• TASK TO CARRY OUT: Each line of data below must be printed exactly as written, with any pictures removed.

• THE DATA:
···

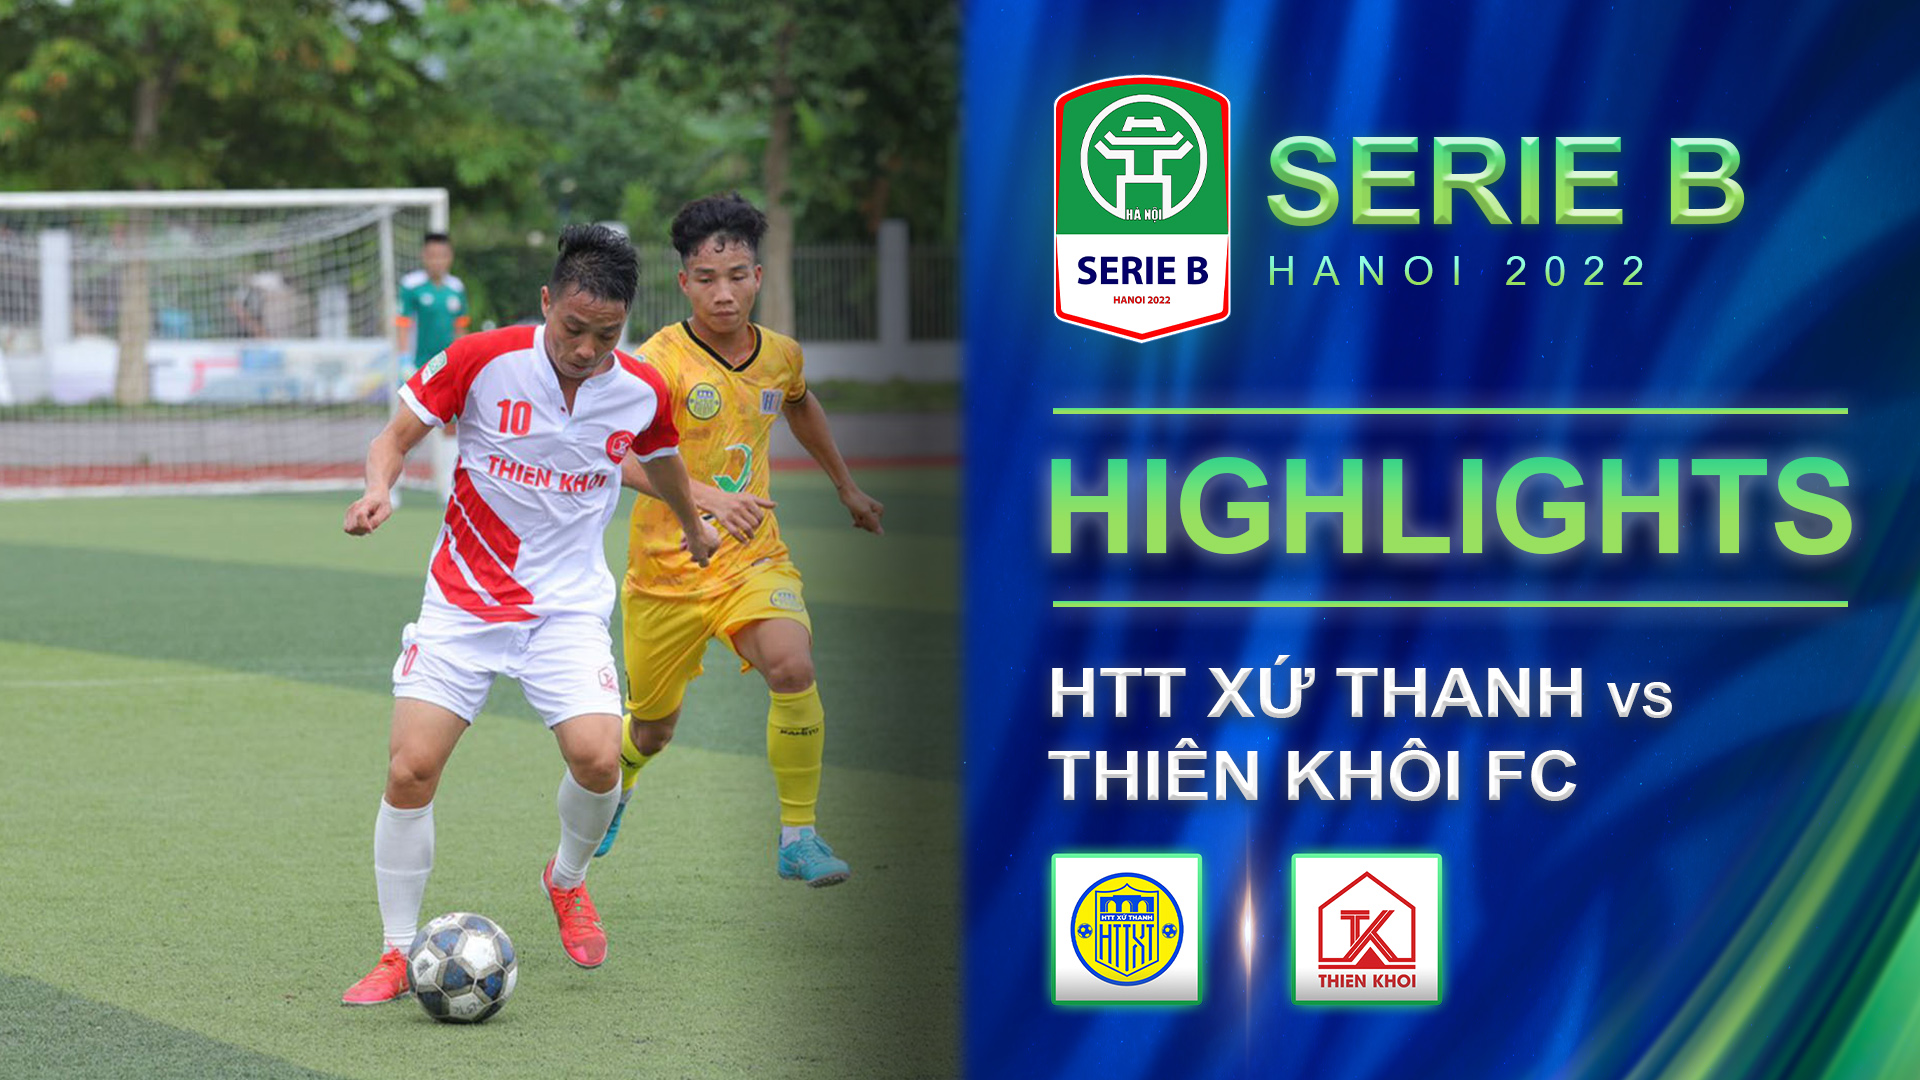 HTT Xứ Thanh - Thiên Khôi FC | Trận cầu giàu cảm xúc - Highlights Hà Nội Serie  2022
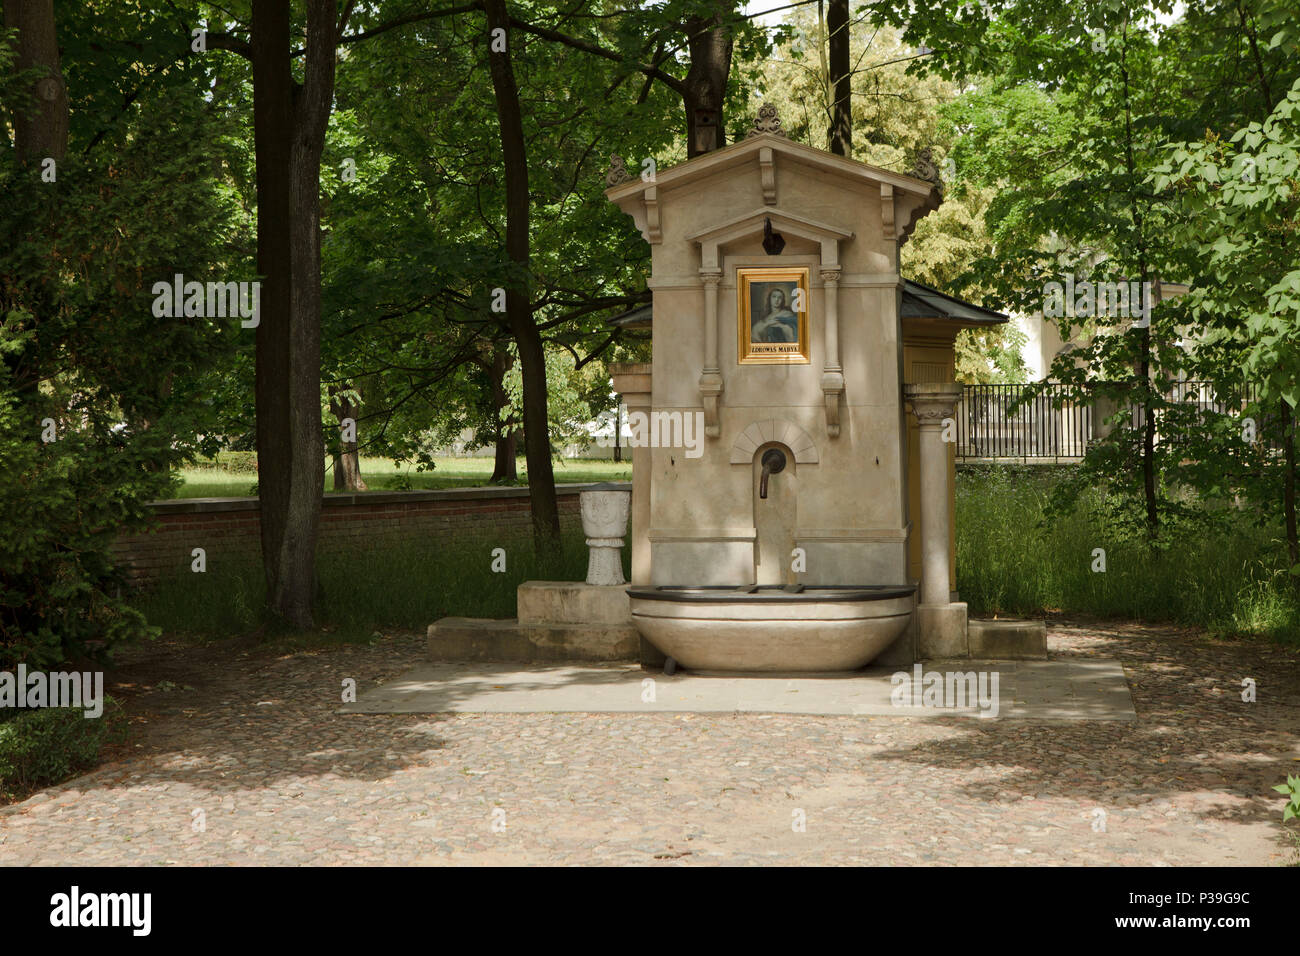 Petite fontaine avec st. Mary chappel dans les jardins royaux du palais de Wilanów, Varsovie, Pologne Banque D'Images
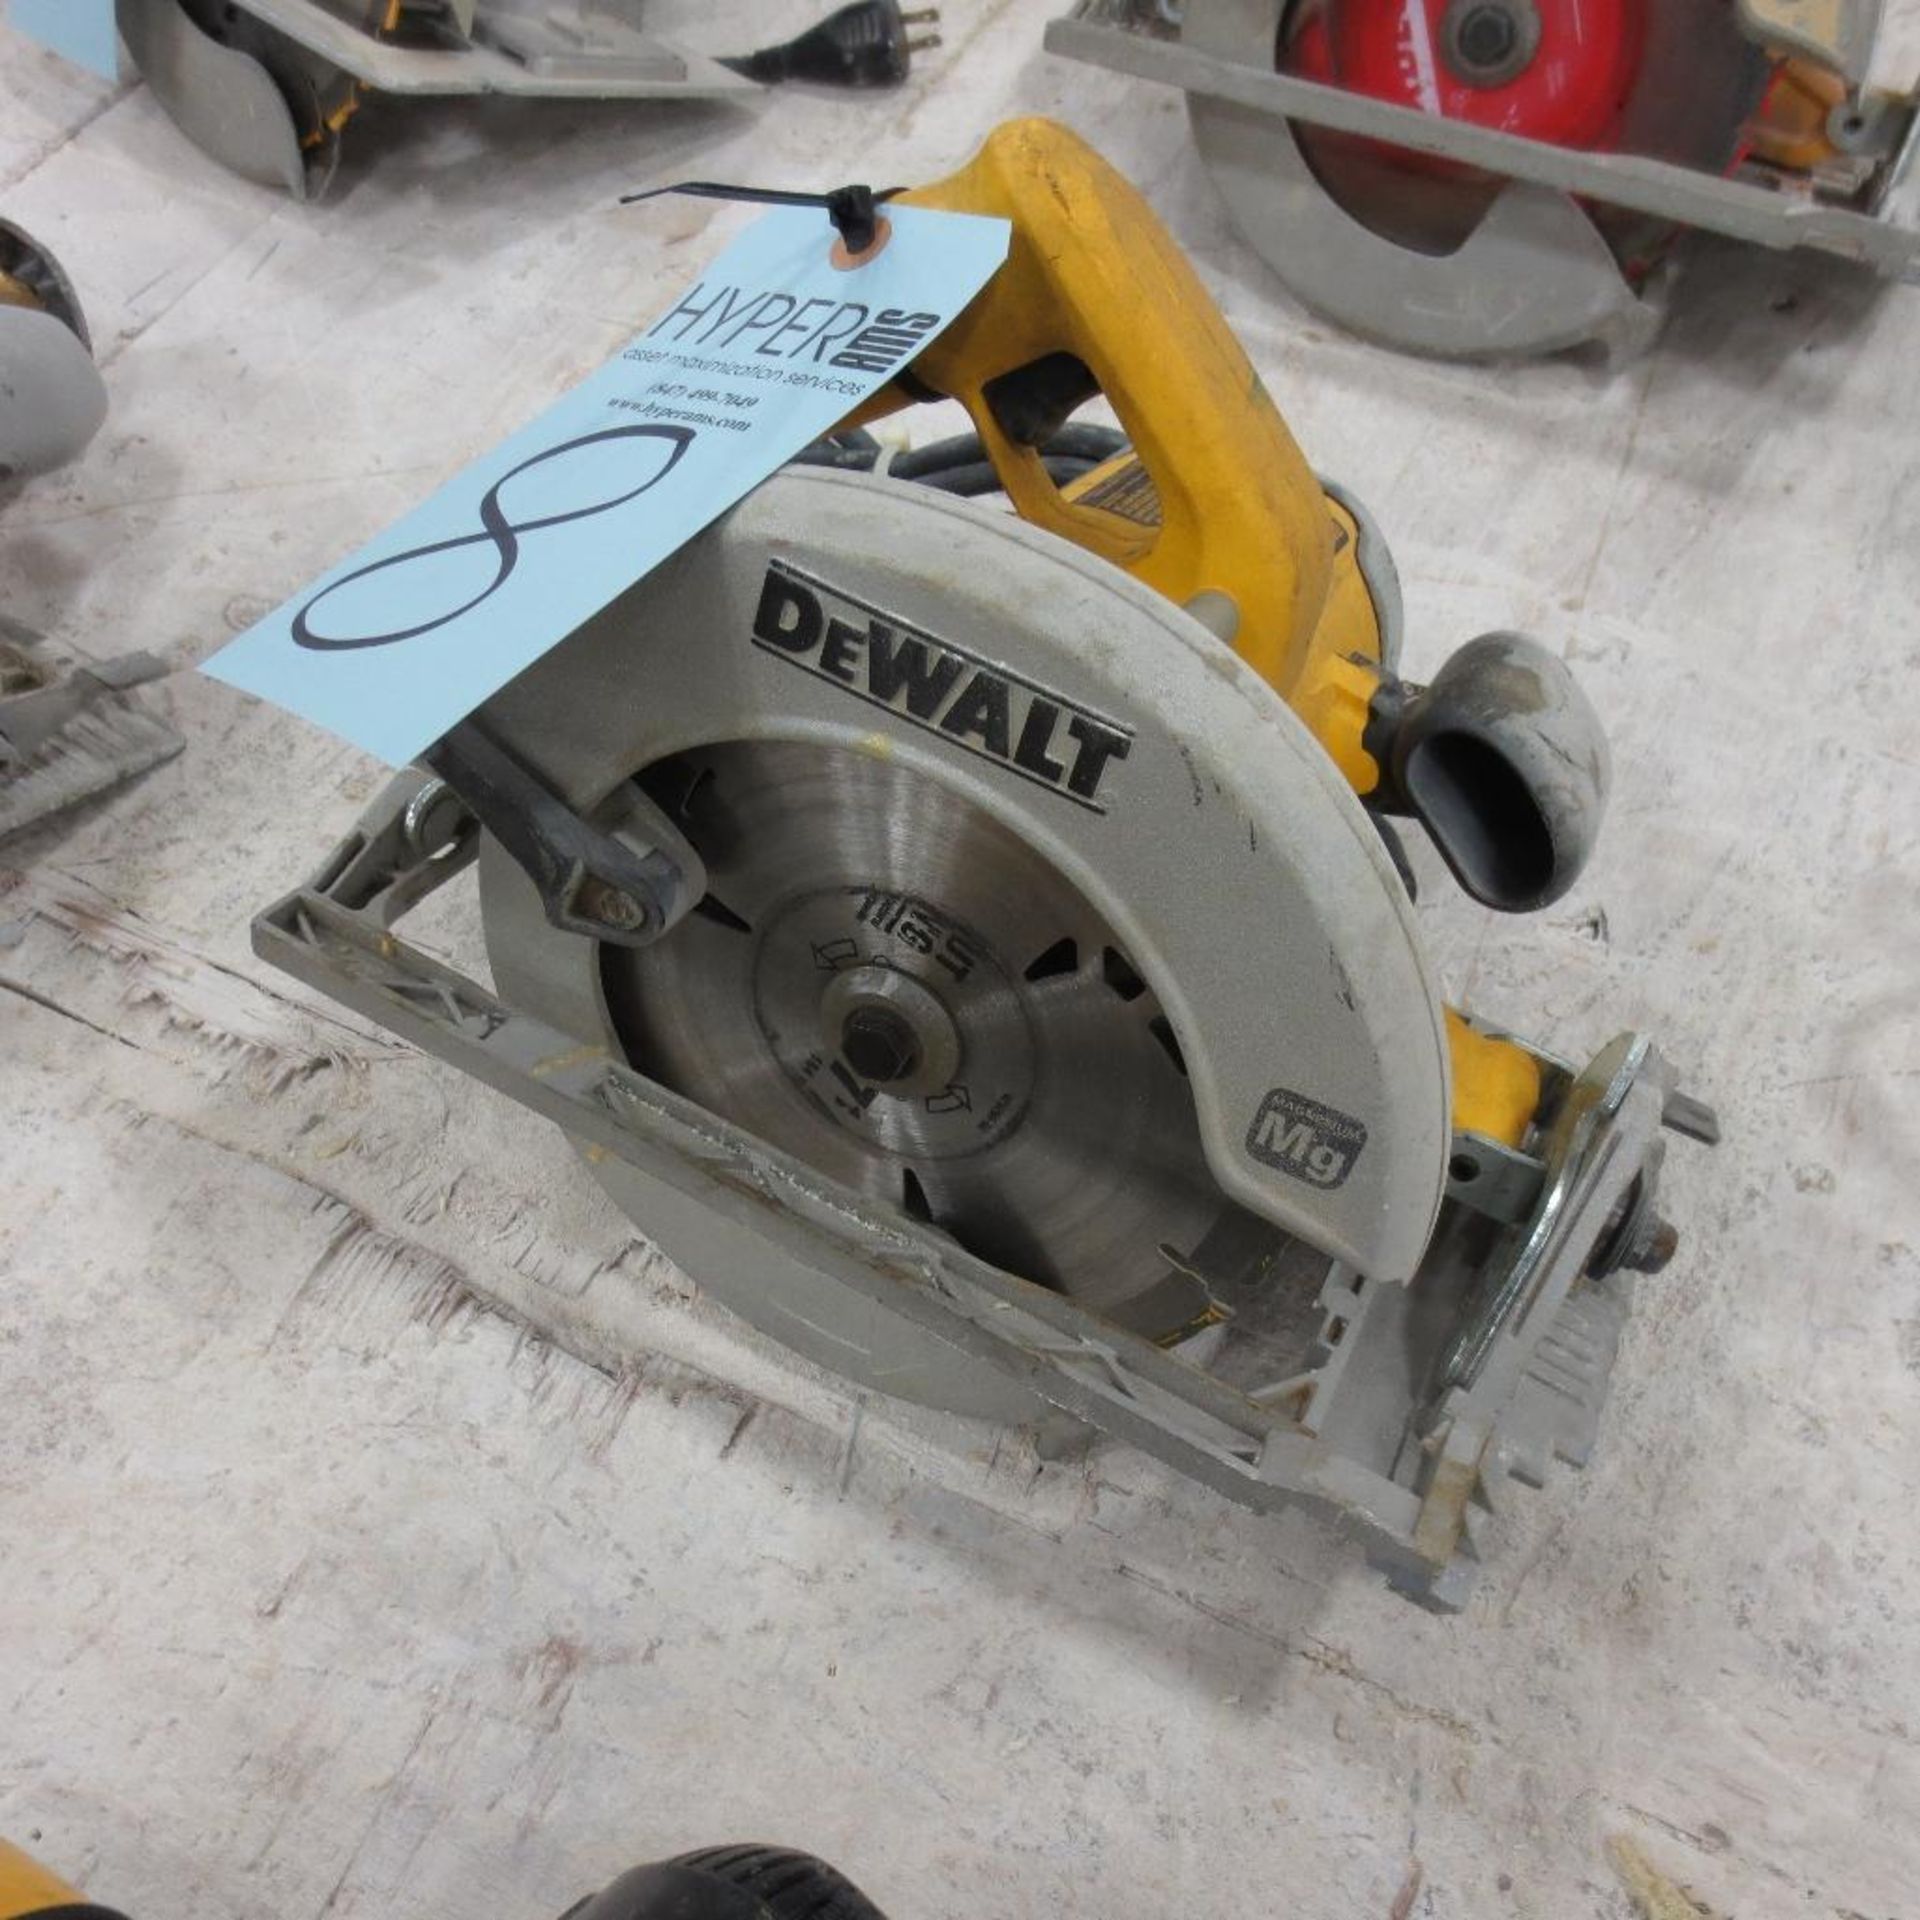 Dewalt 7 1/4" Circular Saw, Model DW368

···

• RESULT:
 HTT Xứ Thanh - Thiên Khôi FC | Trận cầu giàu cảm xúc - Highlights Hà Nội Serie  2022
 Petite fontaine avec st. Mary chappel dans les jardins royaux du palais de Wilanów, Varsovie, Pologne Banque D'Images
 Dewalt 7 1/4" Circular Saw, Model DW368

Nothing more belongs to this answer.